The ring of the horizon

Fernando Huici

ln the recent and beautiful cycle of ten carborundum etchings that David de Almeida has included under the enigmatic and evocative title of Sinais de Tufão or Typhoon Signals, there is a print that stands out clearly from the rest in terms of both its name and its visual identity.

It is the one among all of them which, with the most explicit emphasis, retains the trace of an image, which emerges like a spectre from the mountainous tide of colour, in the same way as evidence of atrocities, dreams of whales or immemorial petroglyphs appeared in other earlier series created by the artist. An emblem of circles intertwined around a shaft, this Bola preta appearing blurred in the epidermis of a milky magma has something of a diagram of a gyroscope. But at the same time, it also seems to suggest a sphere of the world, dematerialised down to the dynamic skeleton traced by the dance of the meridians in rotation, perhaps evoking that flight in pursuit of the promise of a fabulous typhoon, of the splendour of catastrophe, so beautifully narrated by the text from Luís Sá Cunha associated with this cycle. A dance, in any case, of lines that bend in space, no less imaginary in the end than that other illusion which the gaze identifies as the curve of the horizon, the perceptive limit of the cosmos and, in identical measure, the promise of a vertigo of immensity.

On 17 December 1915, the legendary Last Futurist exhibition, 0.10. opened its doors in Petrograd. Around the charismatic visionary ambition of Kazimir Malevich, the exhibition gathered a Praetorian guard that included an impressive collection of names - Klyun, Popova, Puni, Rozanova, Tatlin who were to play a leading part in the incendiary adventure of the Soviet avant-garde. Still a central star of that vertiginous planetary system, though the cracks that were to lead to the rise of a new generation were even then in the process of gestating, Malevich presented in a large personal room reserved for his work many of the key canvases that culminated the suprematist invention. Among them were those, such as Black square, which embodied the myth par excellence of a final and more radical frontier in the seed of language of modernity. And for the occasion, he also wrote a manifesto containing the following revealing passage: “ have broken the ring of the horizon and escaped from the circle of things, the ring of the horizon, in which the artist and forms are united with nature.”

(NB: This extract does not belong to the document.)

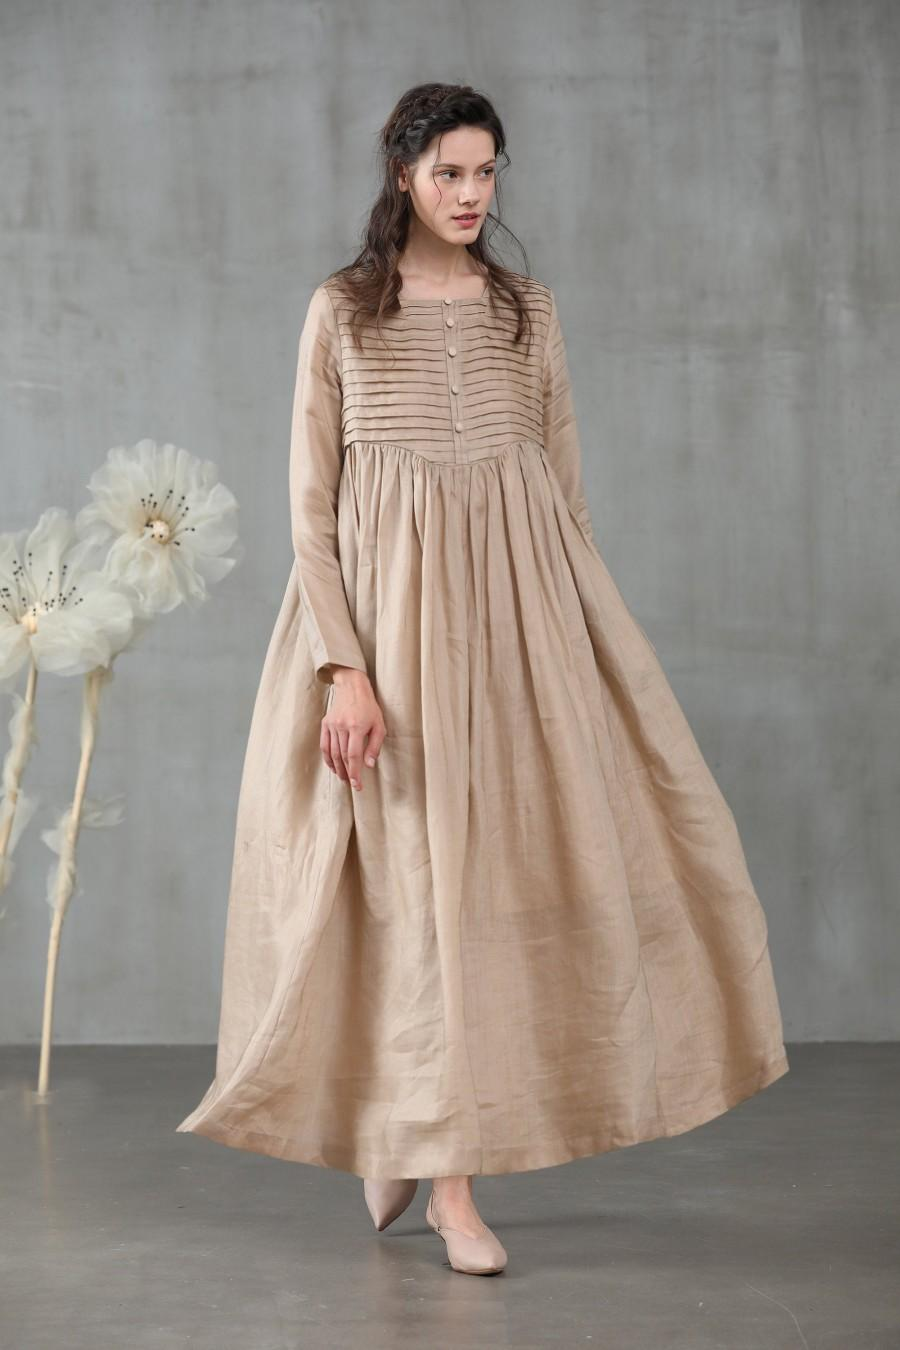 Linen Dress Maxi Dress In Champagne Winter Dress Pleated Dress Longsleeved Dress Wedding Dress French Dress 2946660 Weddbook,Wedding Guest Dresses For Chubby Ladies
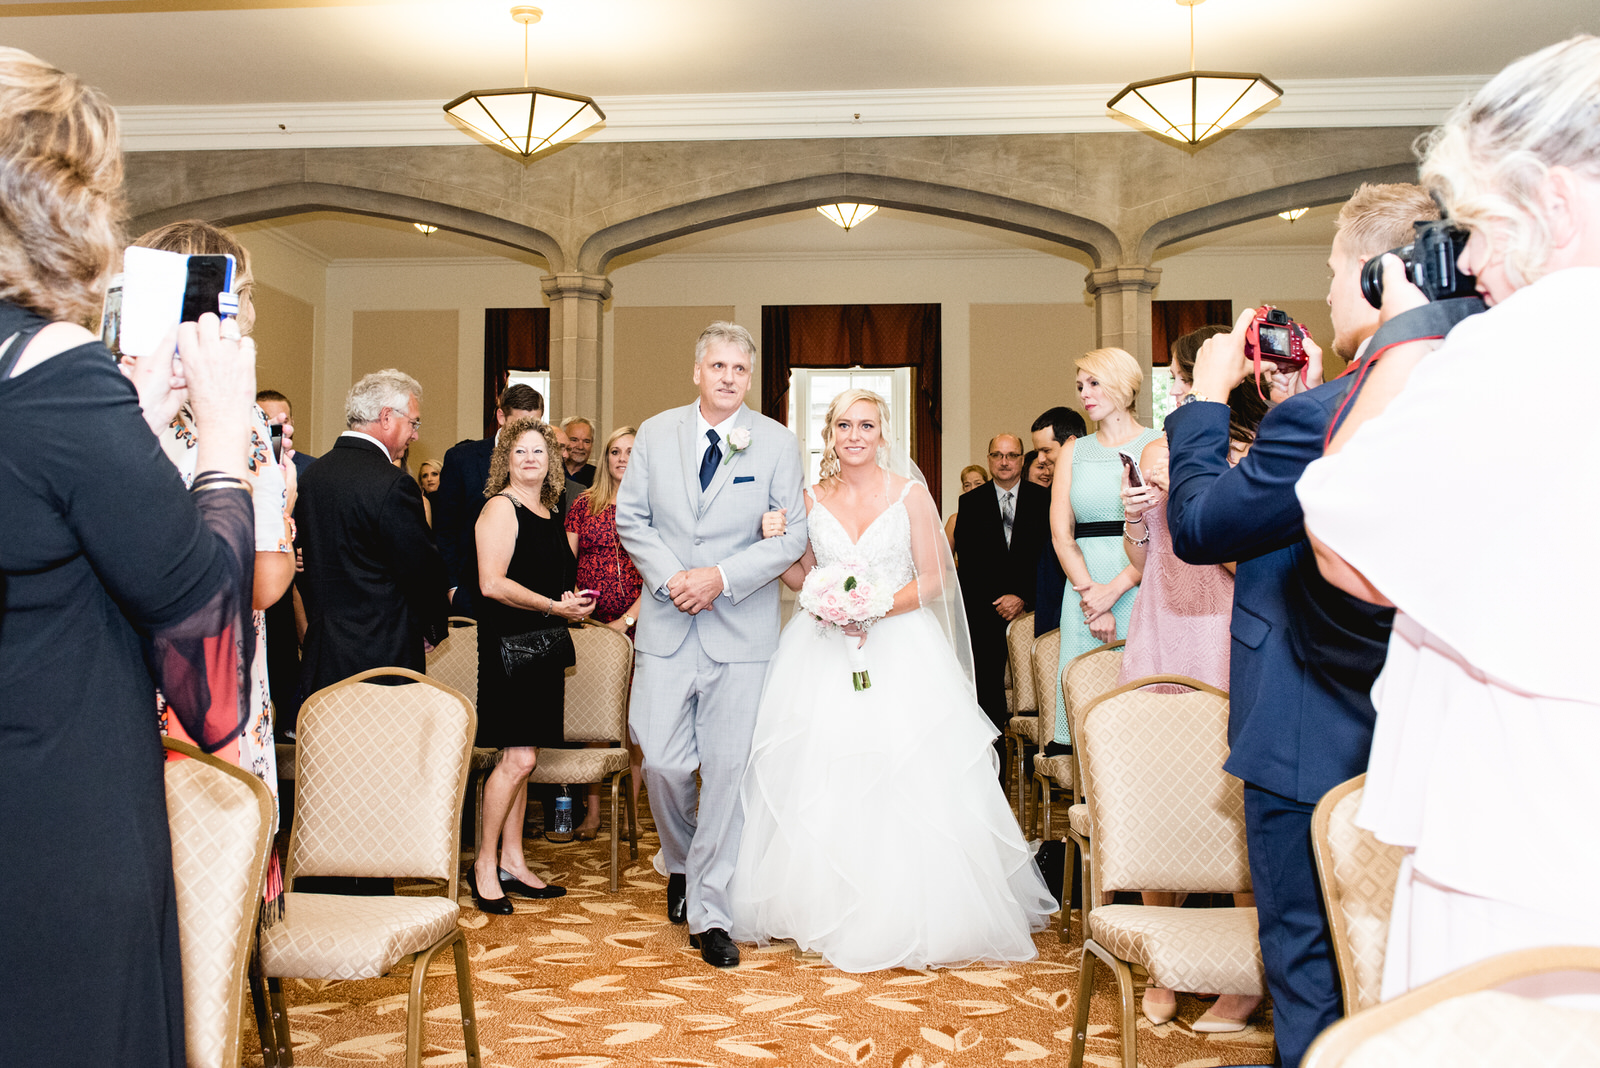 Dad walking bride down isle

ln many of the Sinais de Tufão making up the cycle and as he confesses to having done so in specific works in the four Iarge formats that complete his Madrid exhibition David de Almeida seems lo be looking back to Malevich´s paradigm of dawn. And that path which the gaze of the artist, now at the height of his maturity, has started on at this very moment does in my opinion exactly seek to redirect the course towards the sources of a dismembered modernity, the mirage of a safe haven where he can escape the roar of the storm raised up by the confusion of an end­-of-the-century art. I think he is seeking quite the opposite: to look away from what is, in the end, nothing other than the annoyance of a trivial gust of wind in order to face up to the enigma of another tempest, one that is real and greater.

Hence, no doubt, the eloquent metaphor of the typhoon, of that initiating tufão yearned for by the prose of Sá Cunha. That catharsis which opens the box of thunderbolts and where is unleashed nature herself that breaks the ring of the horizon and escapes from the circle of the things, where the cosmos is unmasked as chaos and an unfathomable abyss of pure potential. Something that is not, like the dream revealed by Malevich, either the end of time or the point where roads die with no further ado. On the contrary, it was and is that which paradoxically turns out to be the finisterres, the land´s ends, the vantage point from which, if you look hard enough, you can discern an ocean without limits.